### WHAT YOU NEED TO DO
Go through the listing below and retype exactly the lines starting at the one with "Pedro Sánchez, en" and ending at the one with "Юлик и Андрей", skipping pictures.

### DATA RECORDS
=== Begin Enclosure ===

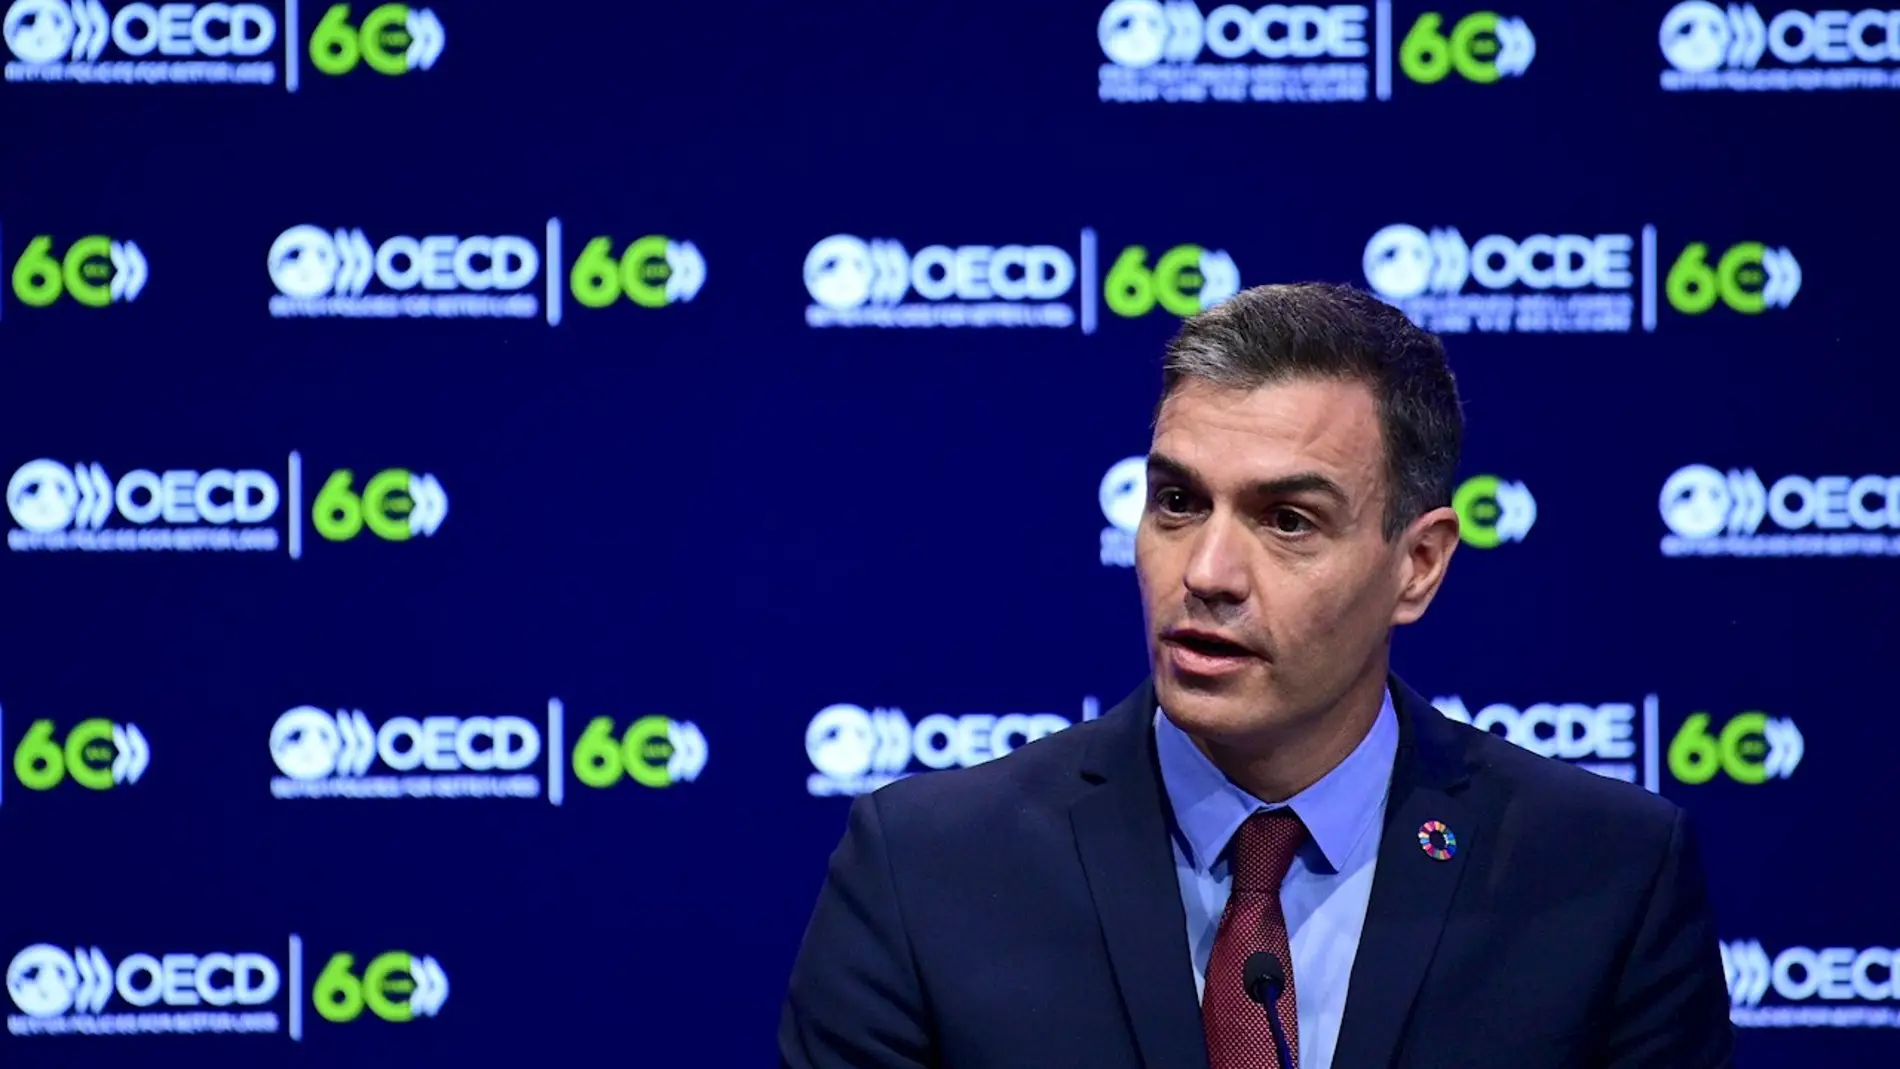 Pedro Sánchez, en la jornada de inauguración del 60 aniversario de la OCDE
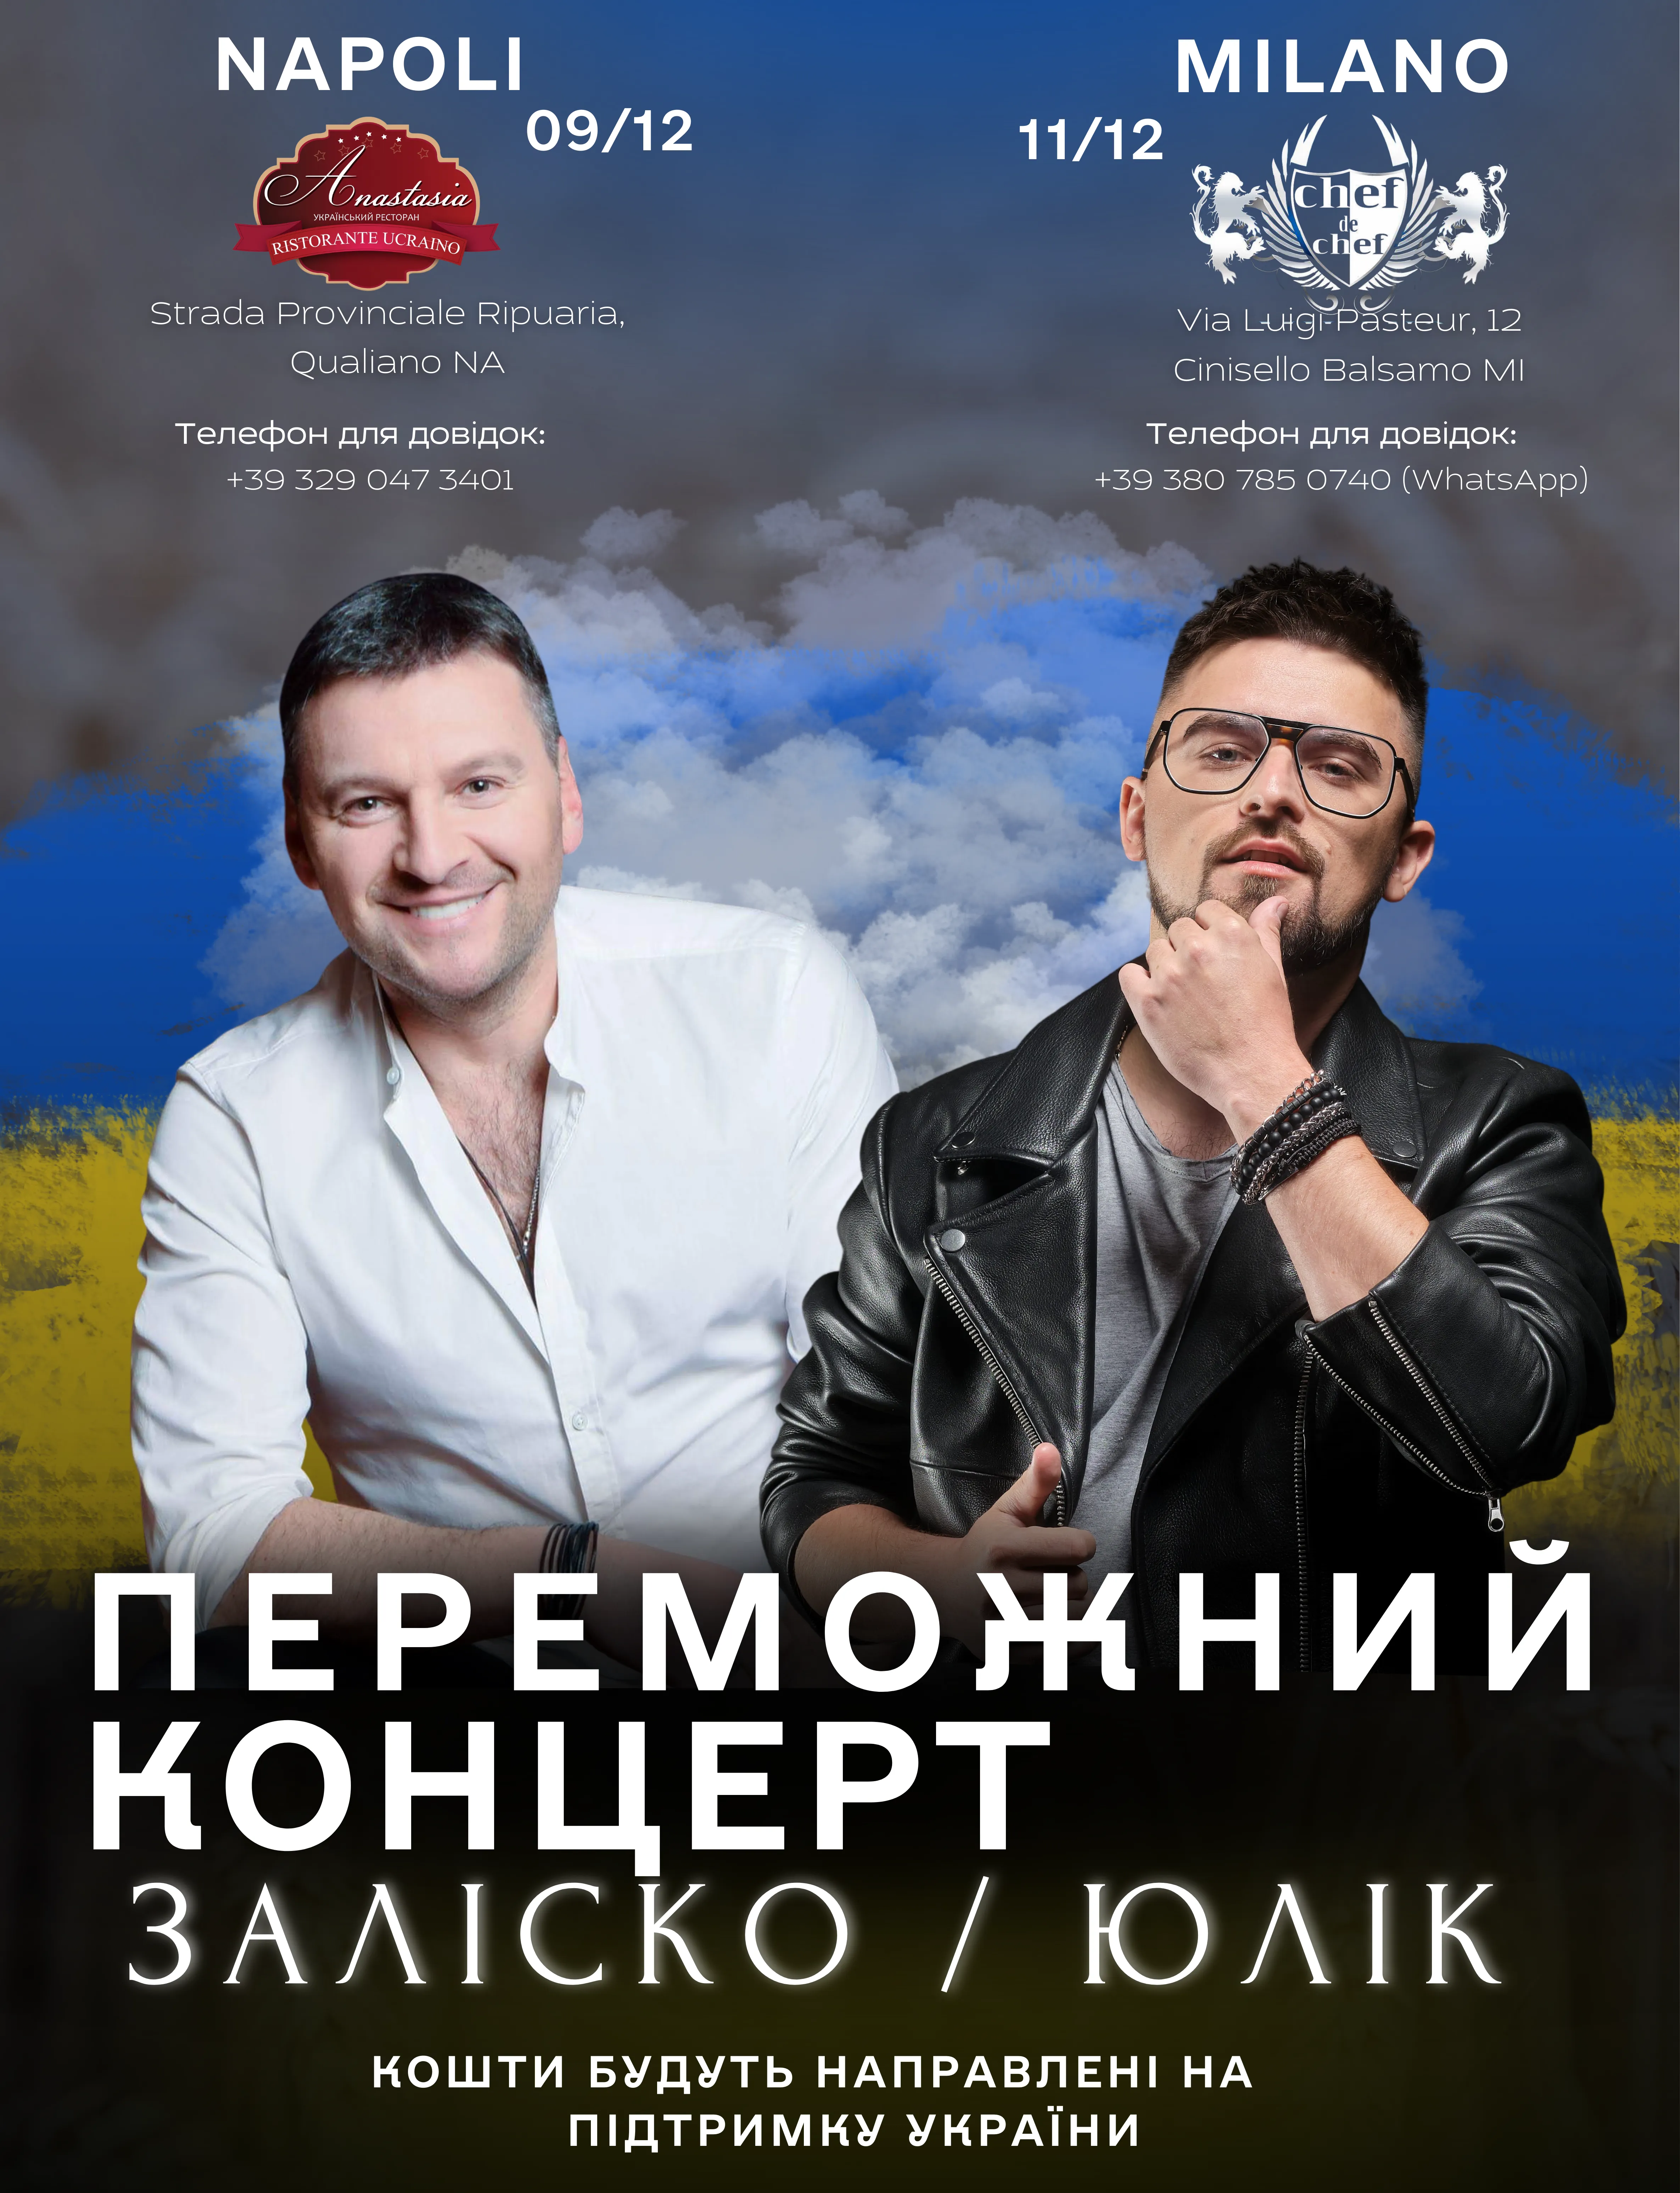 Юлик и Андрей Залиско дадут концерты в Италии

=== End Enclosure ===
=== Begin Enclosure ===

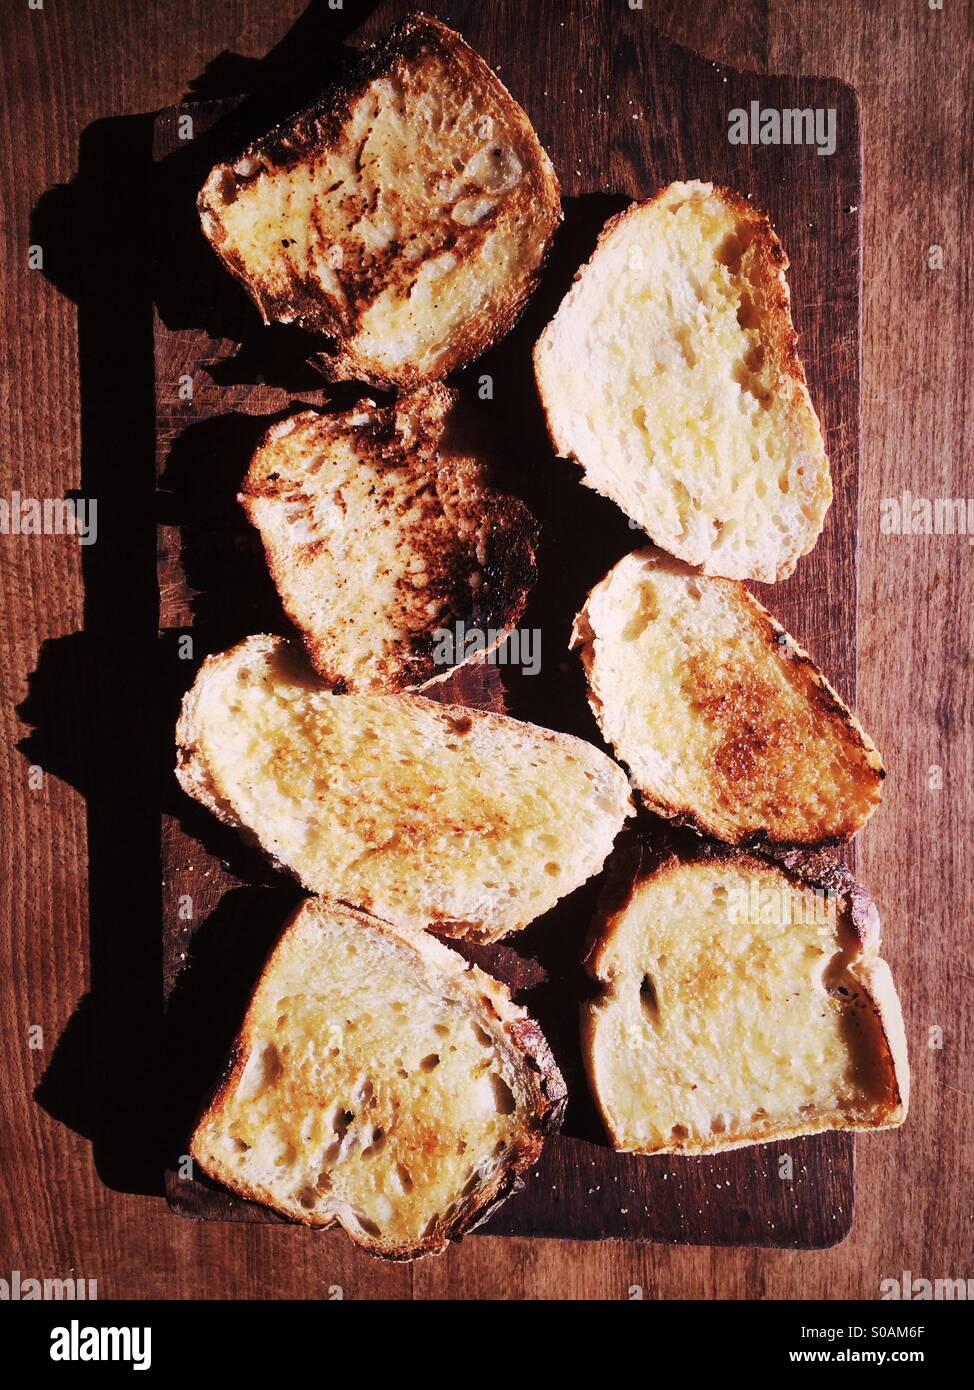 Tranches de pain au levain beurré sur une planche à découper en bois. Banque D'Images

=== End Enclosure ===

### ANSWER FOR THE TASK
 Pedro Sánchez, en la jornada de inauguración del 60 aniversario de la OCDE
 Юлик и Андрей Залиско дадут концерты в Италии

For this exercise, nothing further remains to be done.